In SWAR-9430, we have discovered that versions of Swarm prior to 11.1 (when we moved to python3) URL encode certain characters differently. Tilde (~) is one of the impacted characters. This means that objects with tildes in their names written prior to 11.1 may not be accessible by name in releases 11.1 or later. For those interested in technical details, python moved from using RFC 2396 to RFC 3986 for quoting URL strings. This means that the lookup of a name with a tilde will not find objects with tildes written earlier.
These impacted objects are still valid Swarm objects, fully protected by the cluster, but they may not be accessible by name. This note gives instructions on how to make the objects accessible again by name. We assume direct communication to the Swarm cluster and using the IP address of a node in the cluster. This procedure also requires Swarm 15.0 or later.
Generally, customers will know the name of the expected object and the name will appear in a bucket listing query. If you do this, find the "hash" parameter for the object. That is the object's etag.
Use the etag=true query argument. Look for the Castor-System-Name header and the Castor-System-CID header. If the object is invisible due to SWAR-9430, the Castor-System-Name header will likely have ā%7Eā in it in lieu of the expected ~.
The NID is a uuid-like value that is computed for a named object. Use the pattern below in python3 to determine the NID for your situation.
python3 Python 3.7.6 (tags/v3.7.6:43364a7ae0, Dec 19 2019, 00:42:30) [MSC v.1916 64 bit (AMD64)] on win32 Type "help", "copyright", "credits" or "license" for more information.
>>> name = "mydir/hello%20world.html"
>>> cid = "d389dee12f943e6488e7c4db988c831c"
>>> import hashlib
>>> import binascii
>>> binascii.hexlify(hashlib.md5((cid + name).encode()).digest()).decode()
'6504693e2cef672c1c5d316002b98991'
In the example above, Castor-System-CID = d389dee12f943e6488e7c4db988c831c
and Castor-System-Name = mydir/hello%20world.html
(which does NOT have the tilde issue). The NID is 6504693e2cef672c1c5d316002b98991
.
There is a script in the Support bundle that will help collect the NID as well if you only know the name of the stream. Update your support tools (./updateBundle.sh) in your Support tools directory and you can run this with the proper SCSP_HOST (any Swarm node), bucket, filename, and domain. You must have python3 and requests installed (pip3 install requests) on the system this is run on.
python3 nidtool.py -n "$SCSP_HOST/BUCKETNAME/FILENAME?domain=DOMAIN" |
curl -I --location-trusted "http://192.168.1.11/6504693e2cef672c1c5d316002b98991?isnid"
Note the isnid
query argument.
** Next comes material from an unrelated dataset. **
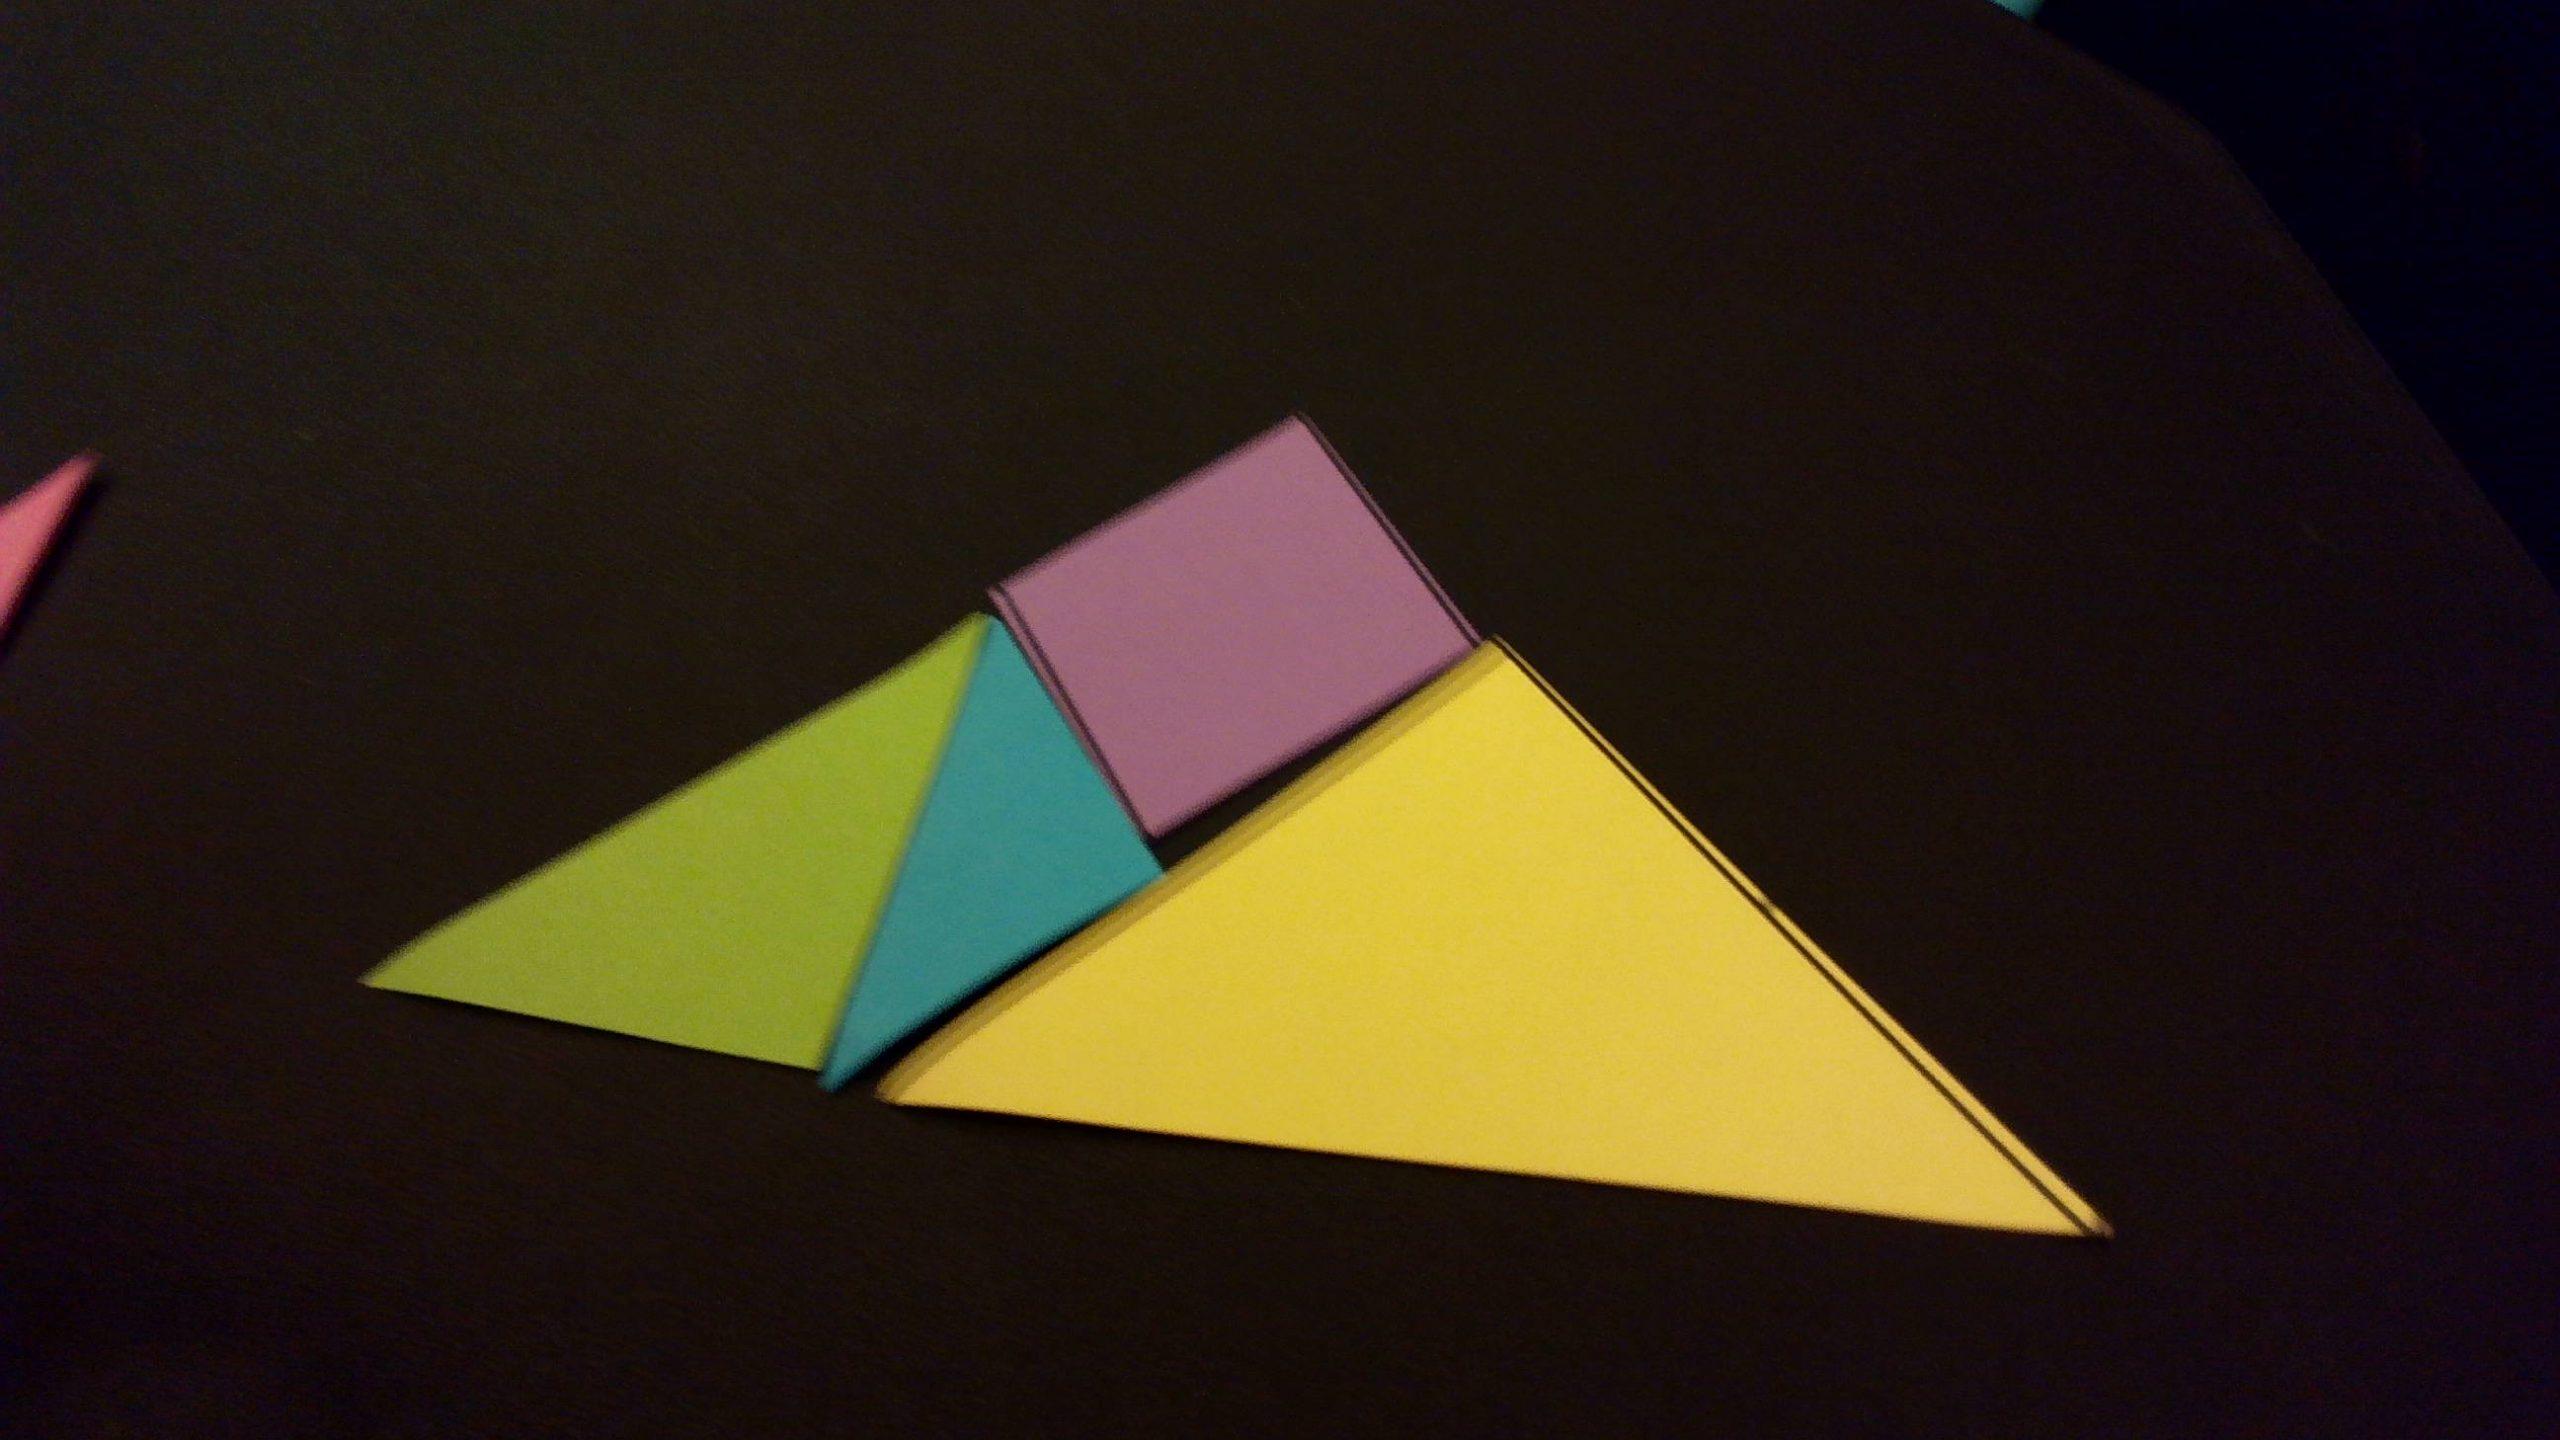 2015] Christine Yang: Tangram Triangles: Chinese, En pour Pièces Tangram

Verify that the response has the expected etag.
curl -i -X COPY --location-trusted "http://192.168.1.11/6504693e2cef672c1c5d316002b98991?isnid&newname=newname-with-~&preserve"
Note the isnid
query argument. The newname
query argument gives the new name of this object. Do not perform URL encoding here! Finally, the preserve
query argument keeps all of the headers of the original object. This request should give a 201 response.
curl -I --location-trusted "http://192.168.1.11/mybucket/newname-with-~&domain=mydomain"
If it does not. Perform another COPY (this time by name, with the preserve query argument) on the object. Check the listing again. The object should now exist with the proper name and be listed.